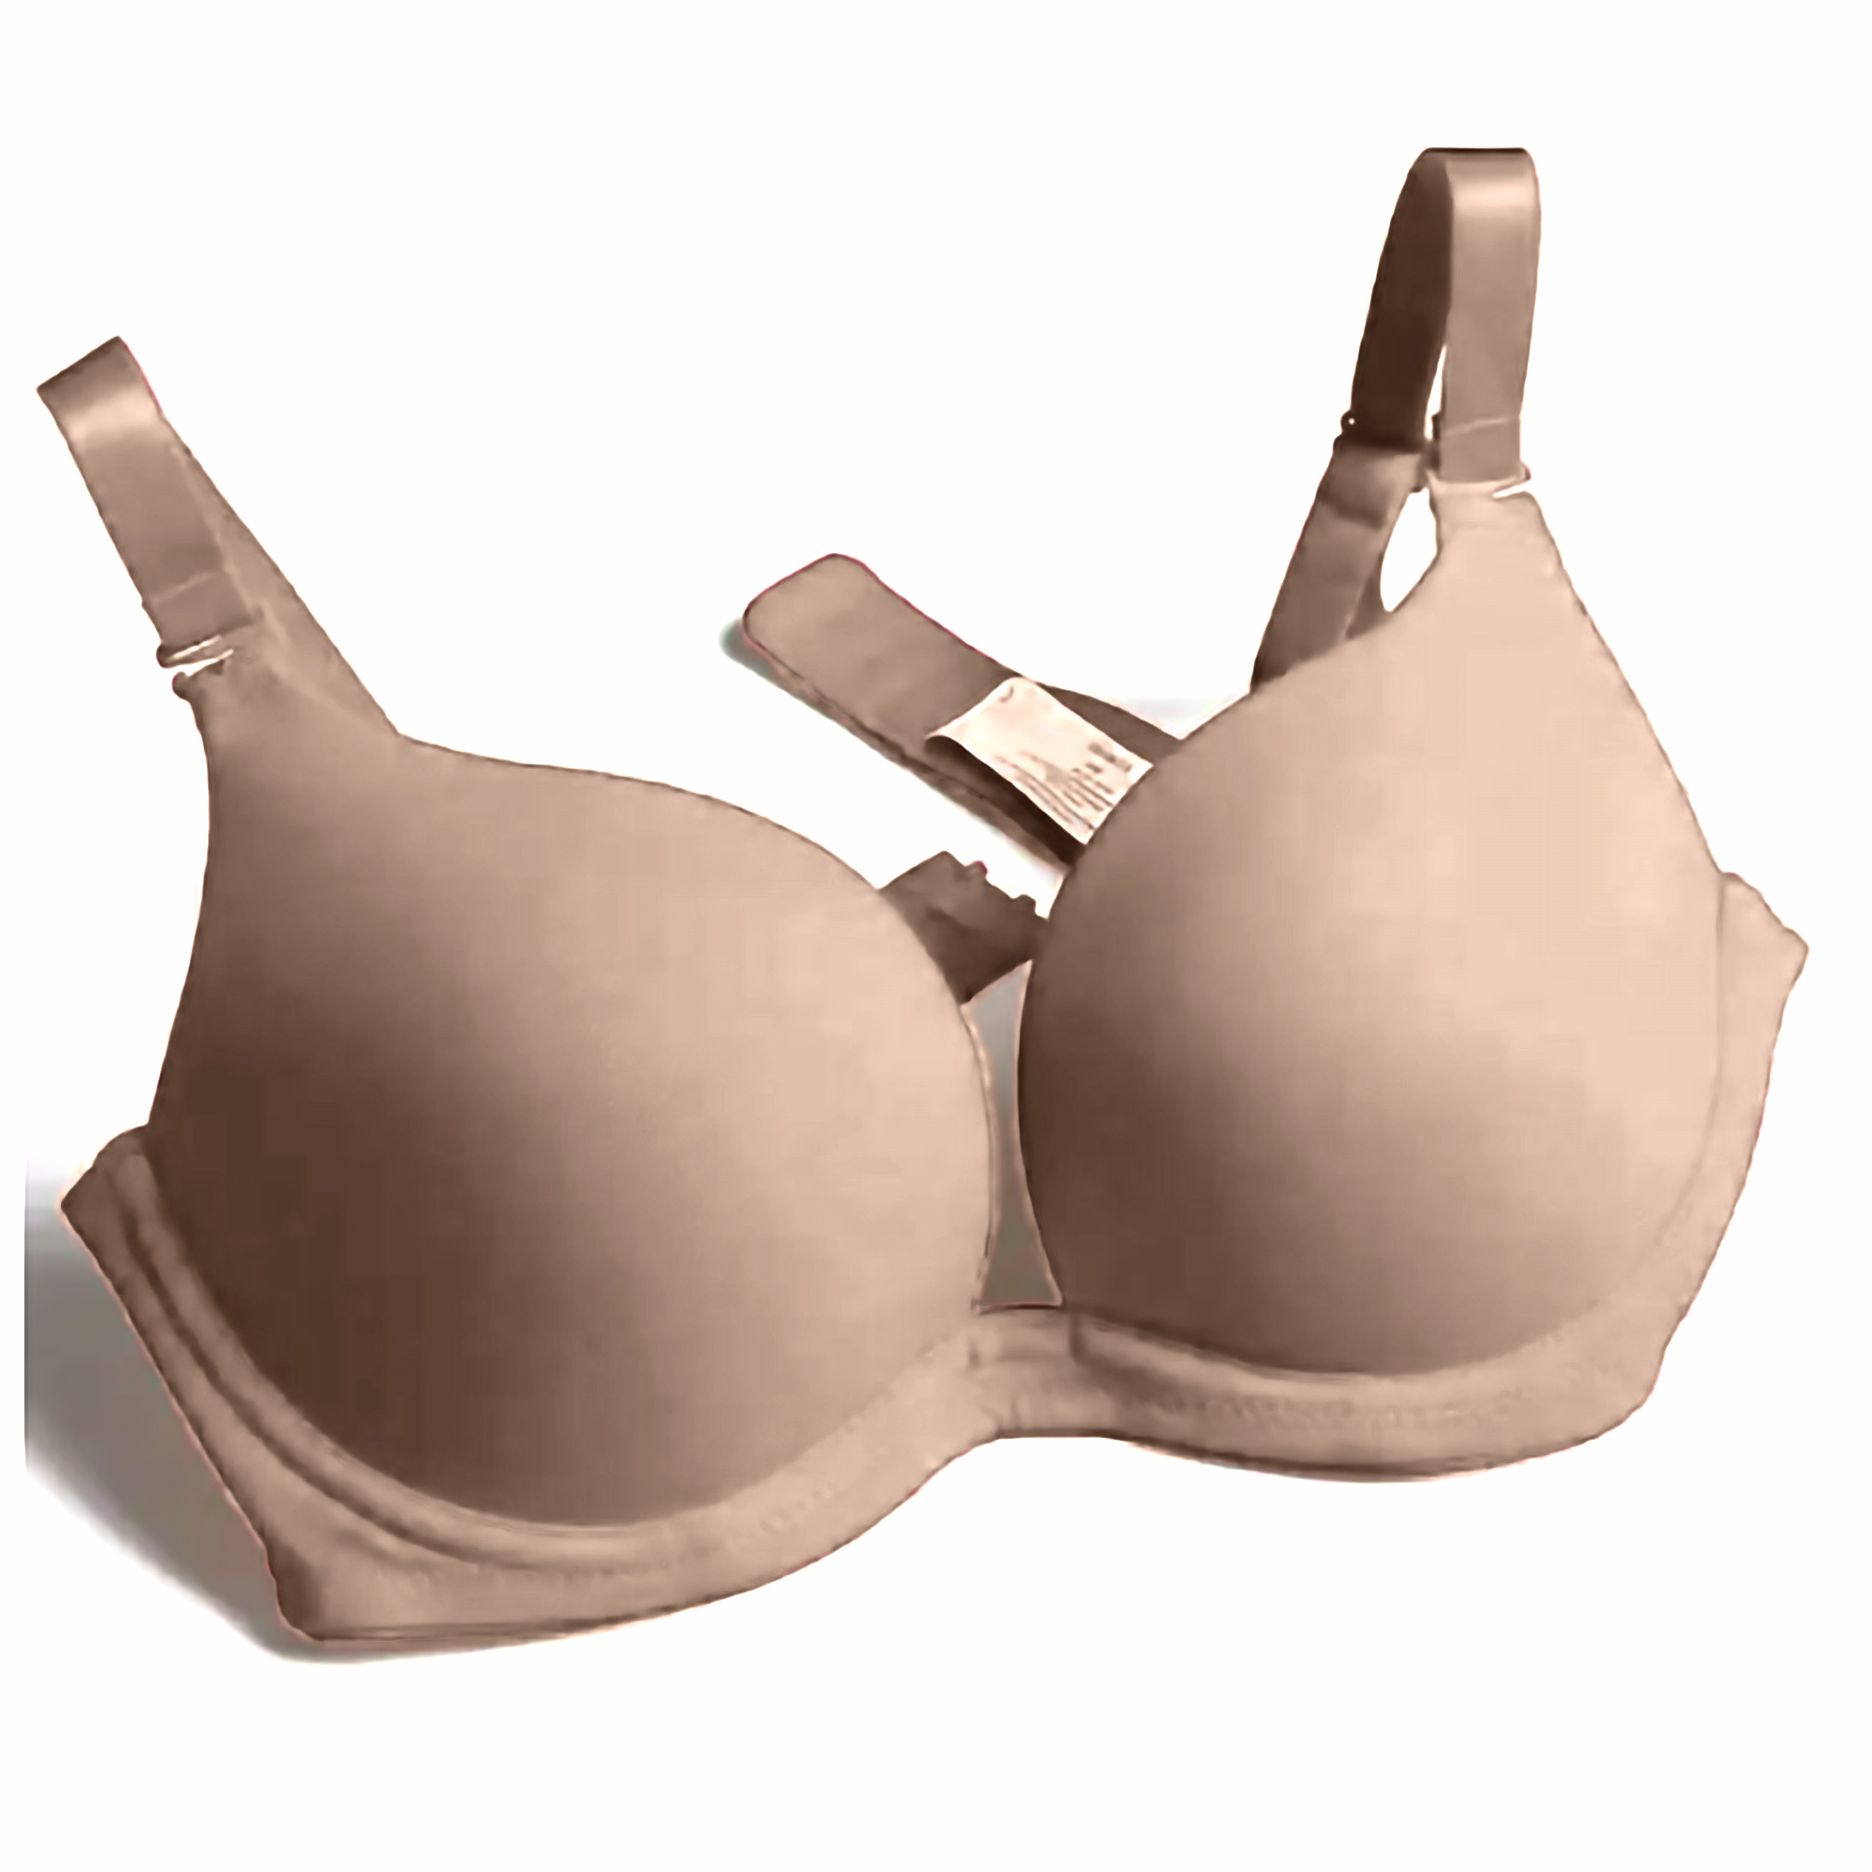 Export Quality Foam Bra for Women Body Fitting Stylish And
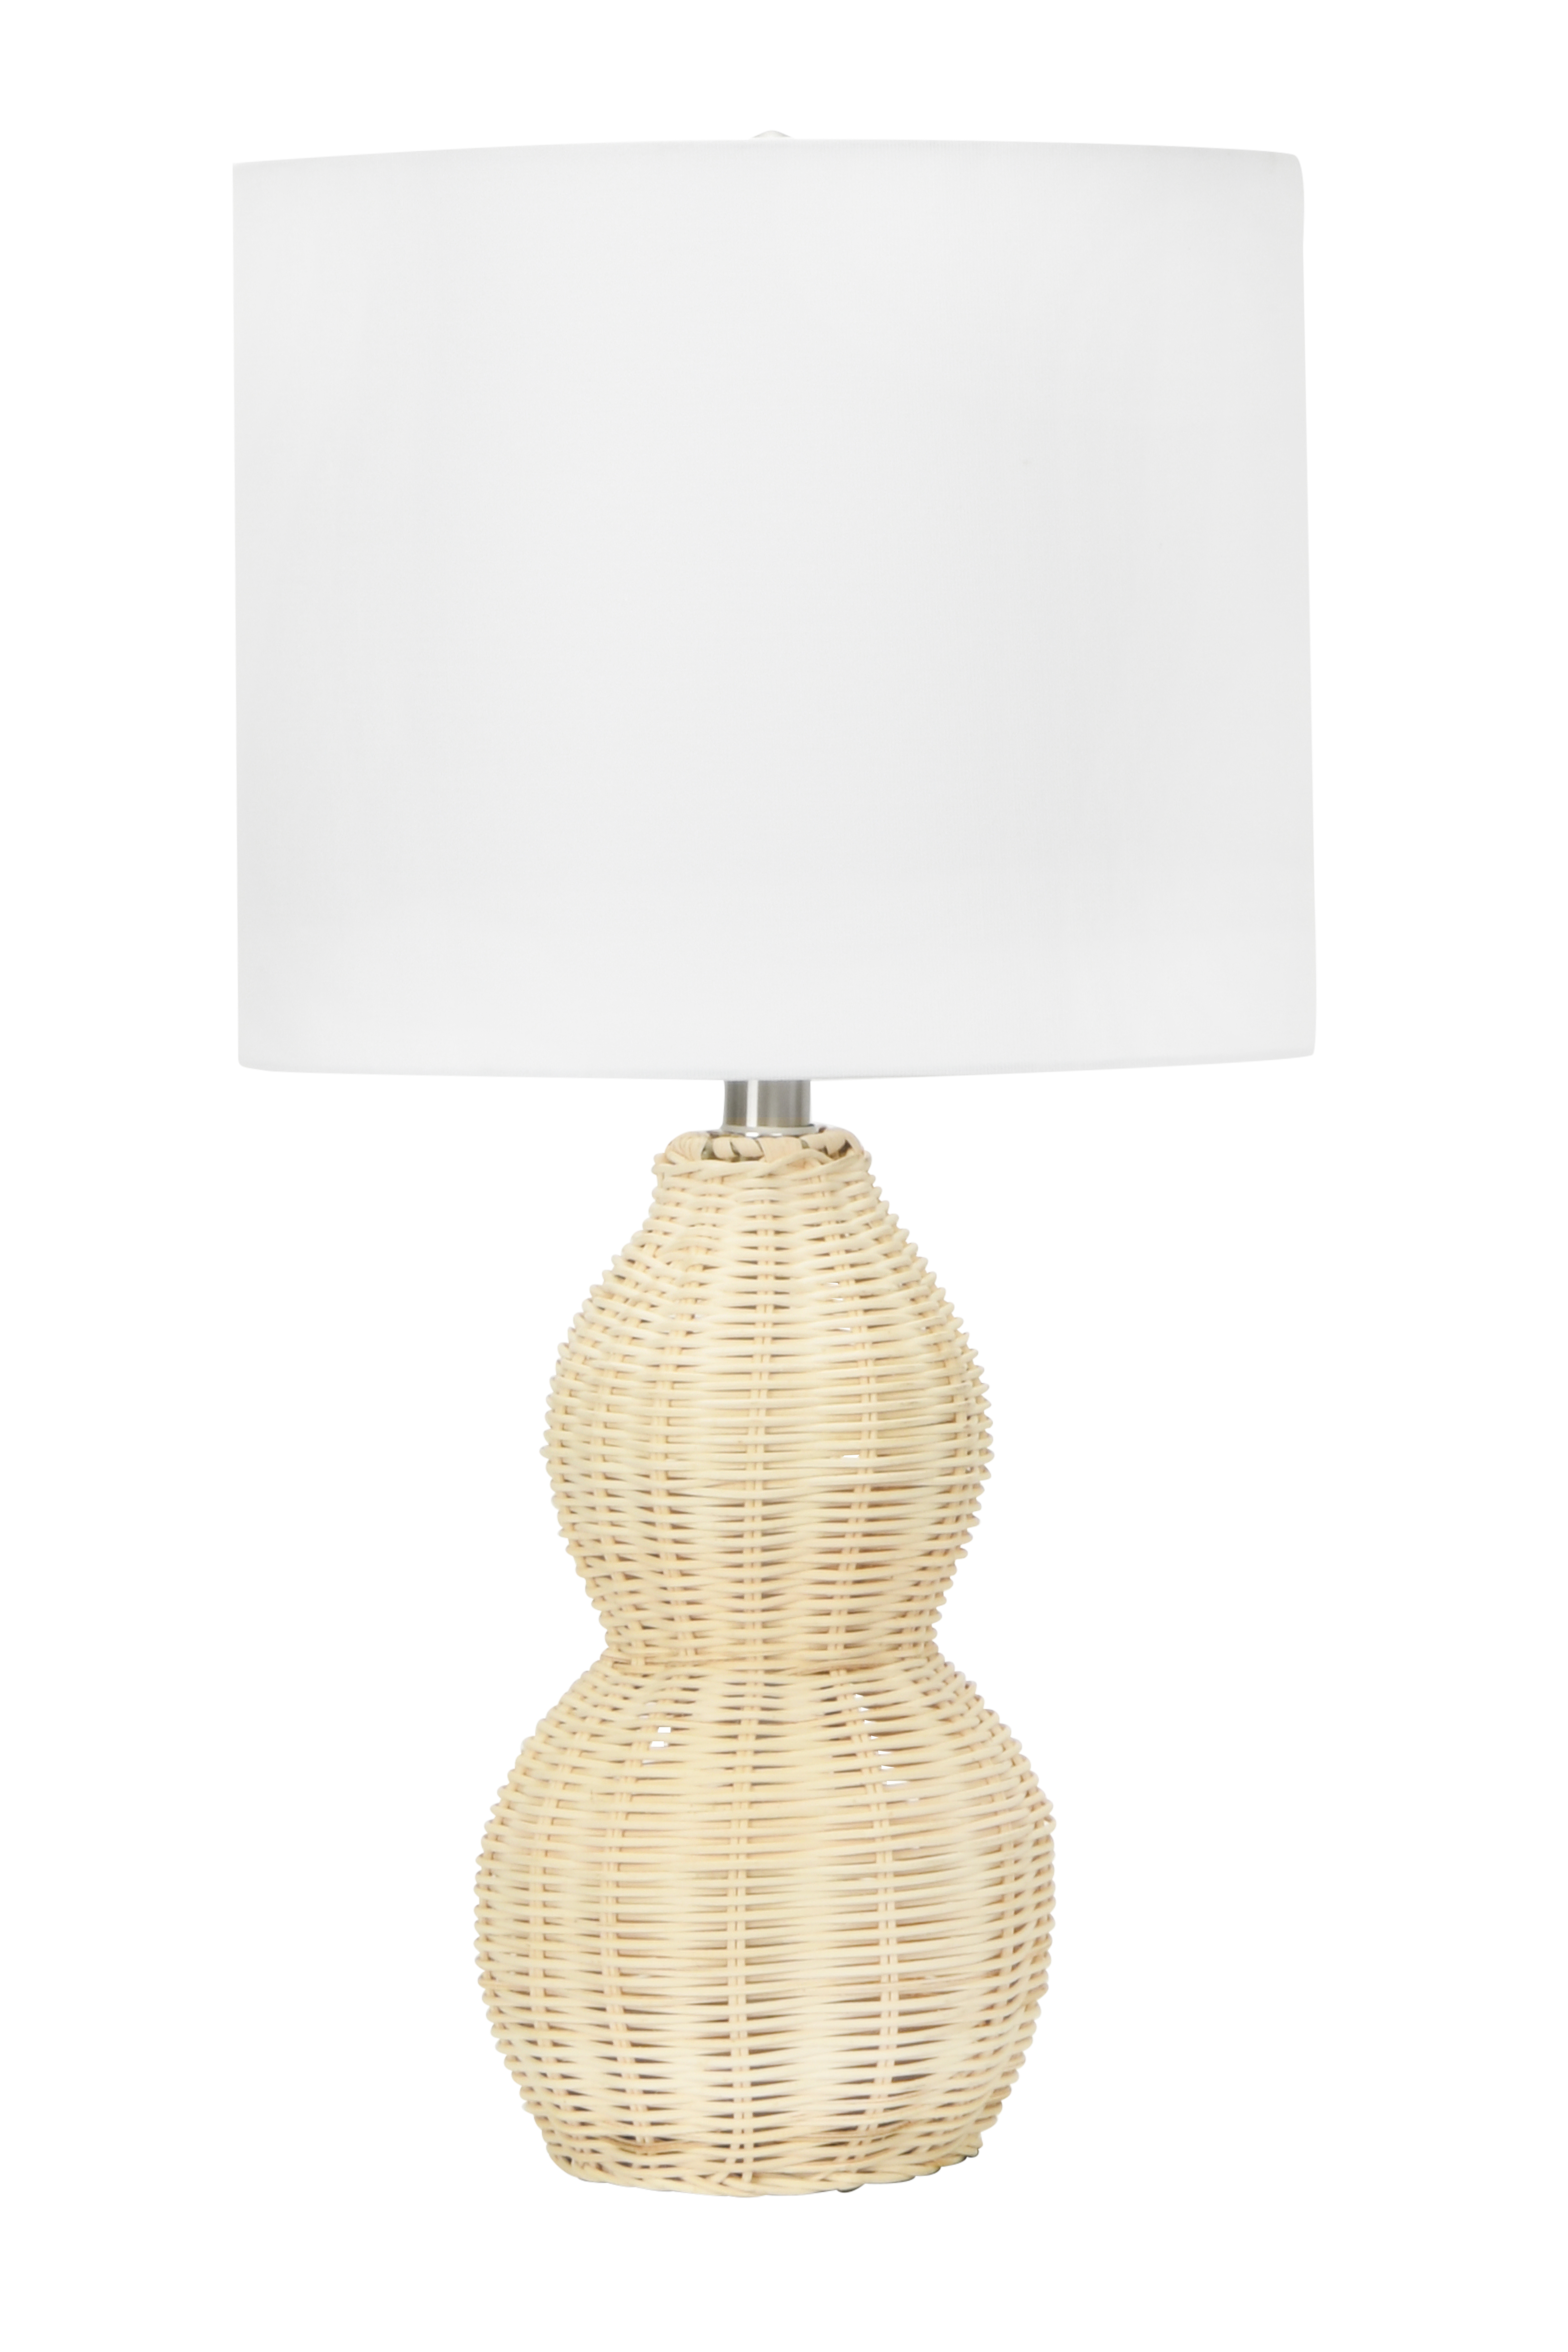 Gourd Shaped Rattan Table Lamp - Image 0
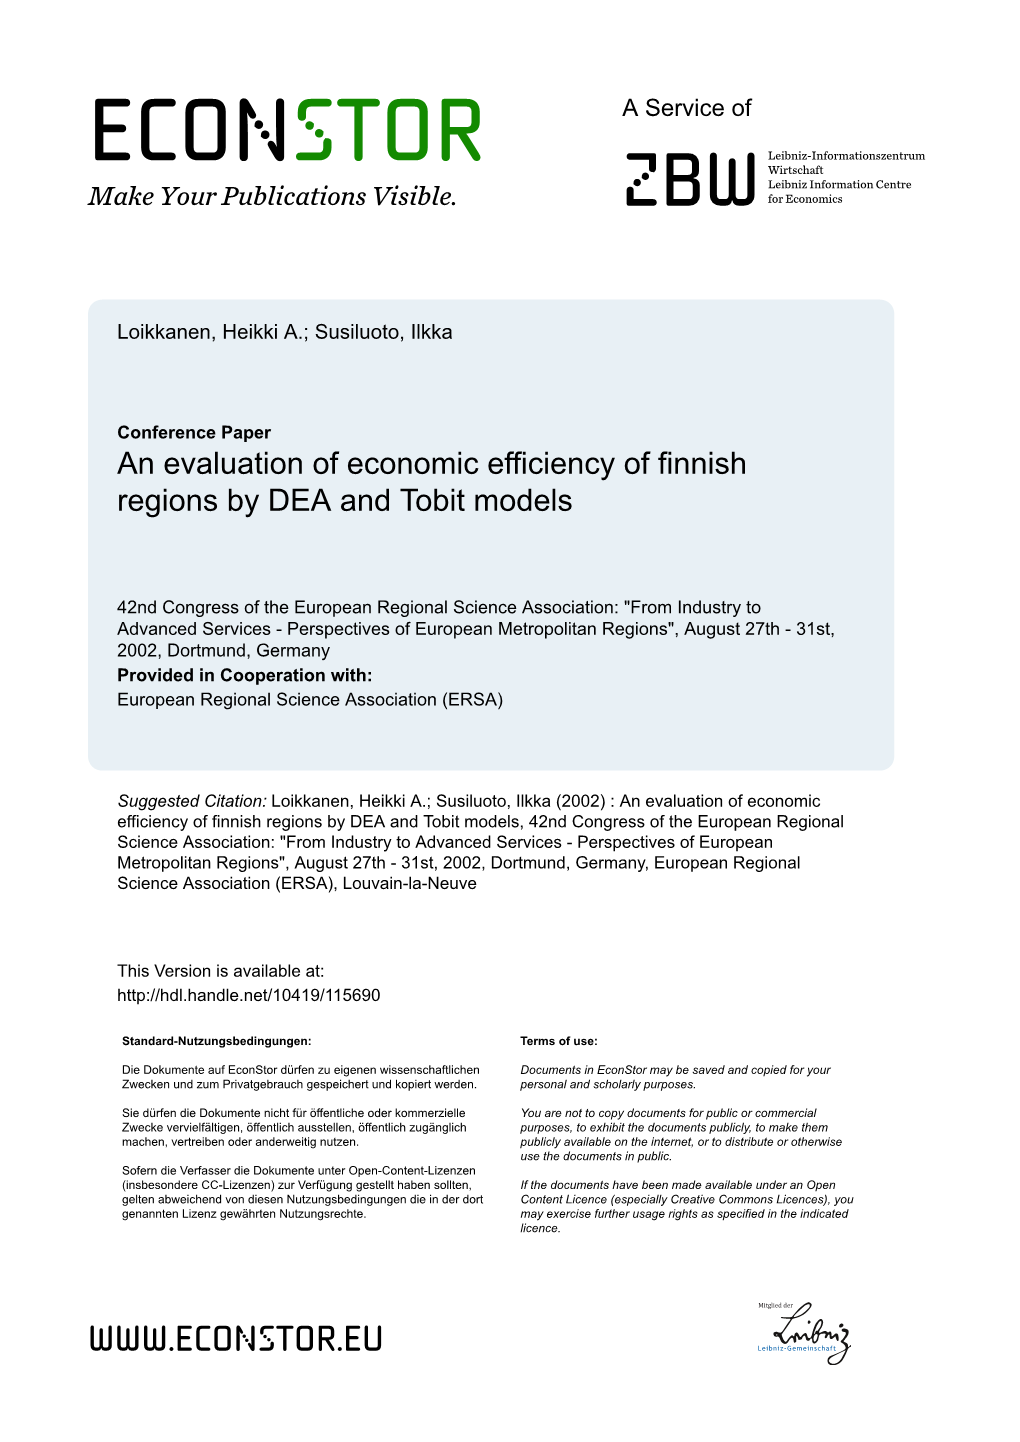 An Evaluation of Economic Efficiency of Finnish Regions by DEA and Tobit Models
+++++
• **Directions**
Each line above is to be repeated exactly as written; no picture is carried over.

• **The completed task**
 Export Quality Foam Bra for Women Body Fitting Stylish And
 Gourd Shaped Rattan Table Lamp - Image 0
 An Evaluation of Economic Efficiency of Finnish Regions by DEA and Tobit Models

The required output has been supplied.